Undrawn: Unutilized portion of authorized committed credit lines.

Other Exposures

Repo-Style Transactions: Reverse repurchase agreements (reverse repos) and repurchase agreements (repos), securities lending and borrowing.

OTC Derivatives: Over-the-counter derivatives contracts refers to financial instruments which are traded through a dealer network rather than through an exchange.

Other Off-balance Sheet: Direct credit substitutes, such as standby letters of credit and guarantees, trade letters of credit, and performance letters of credit and guarantees.

Exchange-Traded Derivative Contracts: Exchange-traded derivative contracts are derivative contracts (e.g. futures contracts and options) that are transacted on an organized futures exchange. These include futures contracts (both long and short positions), purchased options and written options.

Qualifying Central Counterparty (QCCP): A licensed central counterparty is considered “qualifying” when it is compliant with the International Organization of Securities Commissions (IOSCO) standards and is able to assist clearing member banks in properly capitalizing for CCP exposures.

Asset Value Correlation Multiplier (AVC): Basel III has higher risk-weights on exposures to certain Financial Institutions (FIs) relative to the non-financial corporate sector by introducing an AVC. The correlation factor in the risk-weight formula is multiplied by this AVC factor of 1.25 for all exposures to regulated FIs whose total assets are greater than or equal to U.S. $150 billion and all exposures to unregulated FIs.

Specific Wrong-Way Risk (WWR): Specific Wrong-Way Risk arises when the exposure to a particular counterparty is positively correlated with the probability of default of the counterparty due to the nature of the transactions with the counterparty.

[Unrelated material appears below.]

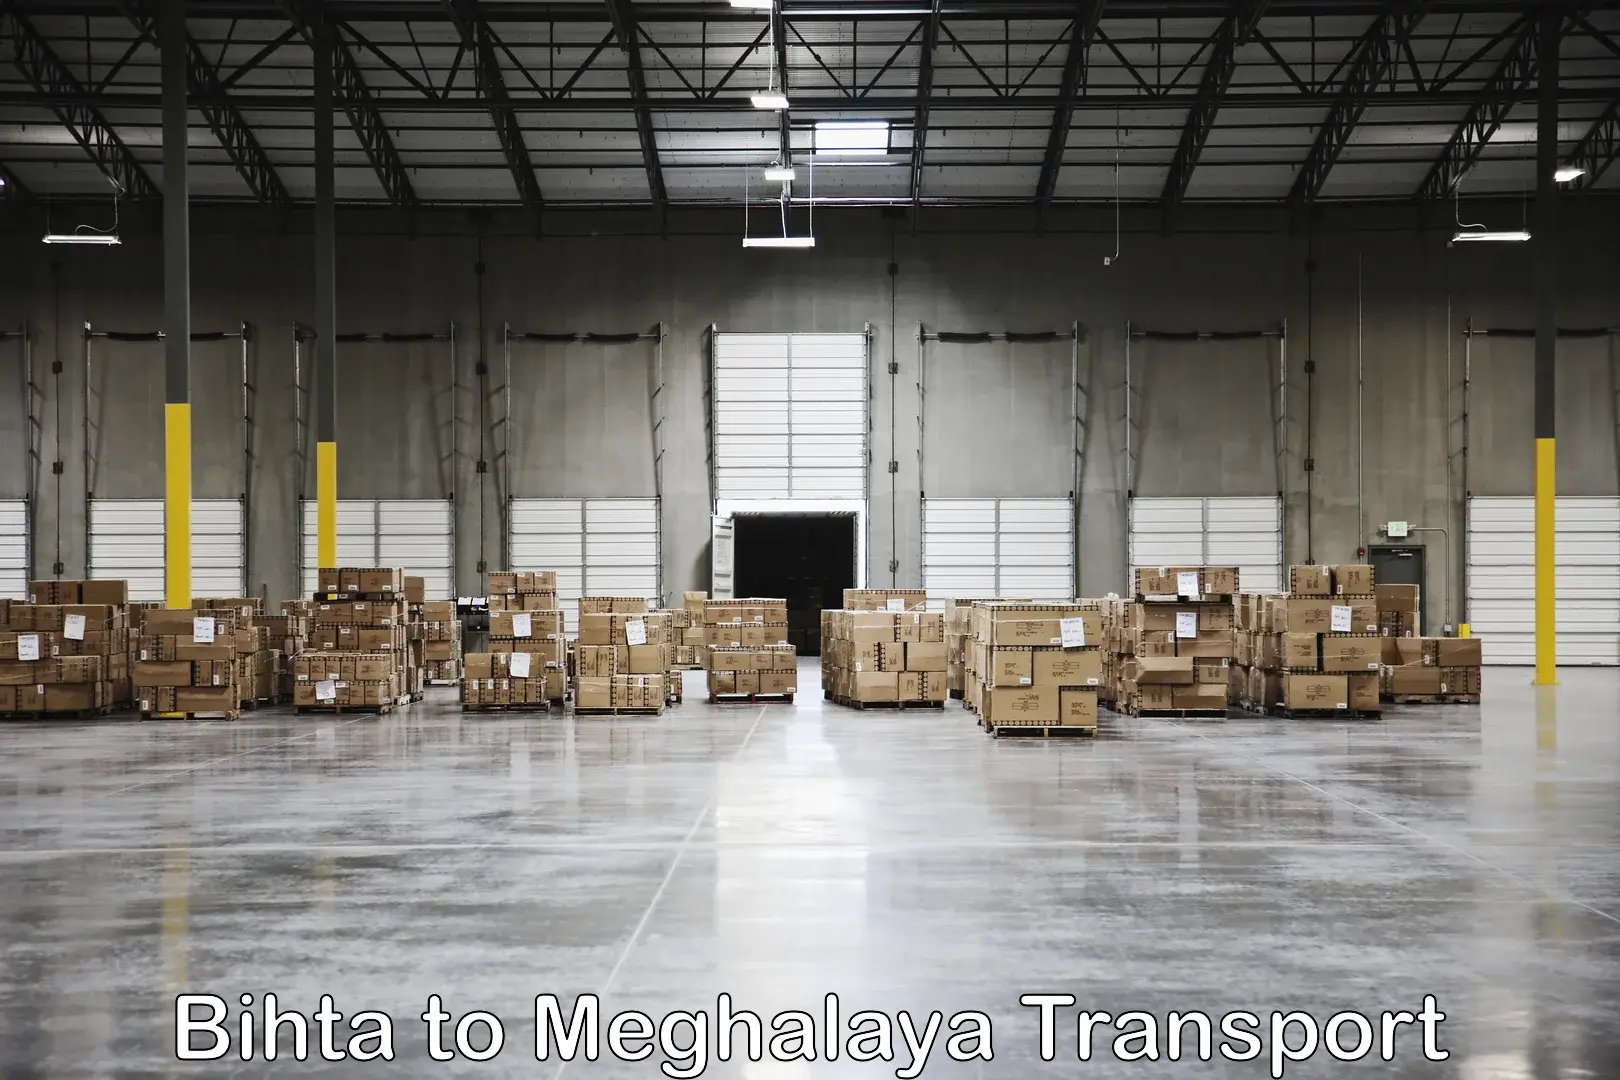 Land transport services Bihta to NIT Meghalaya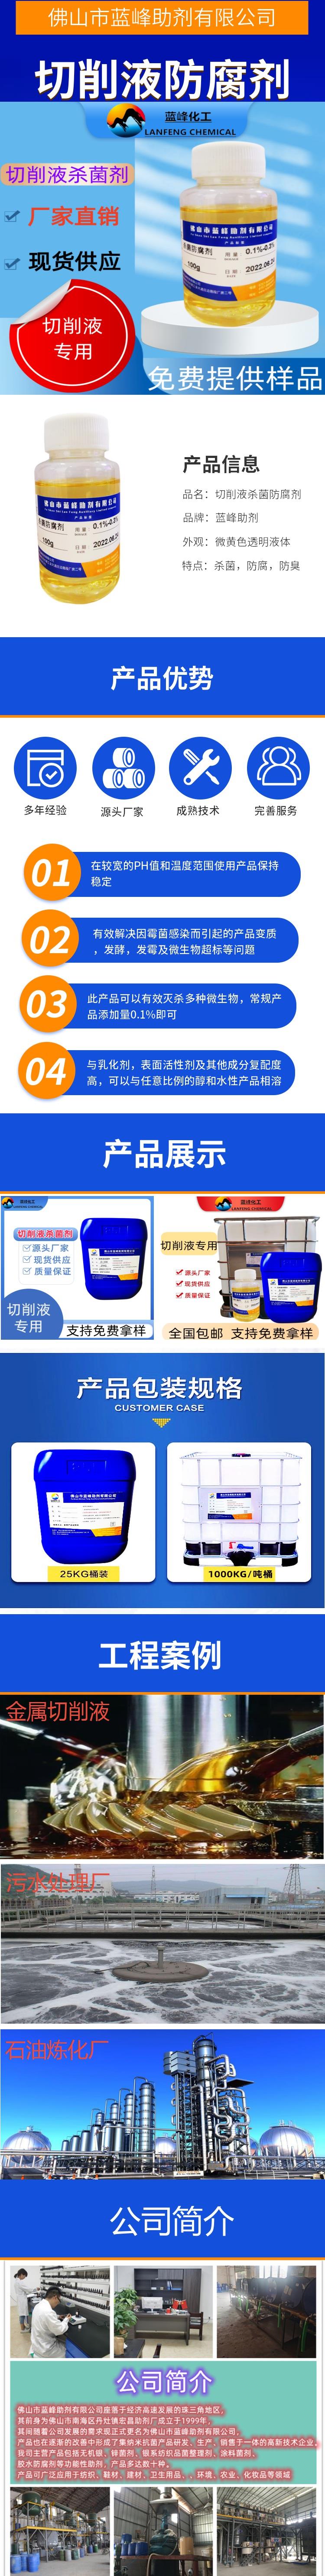 广东佛山JS-3002  切削液防腐剂生产厂家  提供样品免费试样

Basel III Regulatory Capital Floor: Since the introduction of Basel II in 2008, OSFI has prescribed a minimum regulatory capital floor for institutions that use the advanced internal ratings-based approach for credit risk. Effective Q2 2023, the capital floor add-on is determined under the Basel III Framework by comparing RWA generated for internally modelled standardized portfolios to RWA calculated under a fully standardized approach at the required capital floor calibration. A shortfall to the capital floor RWA requirement is added to the Bank’s RWA.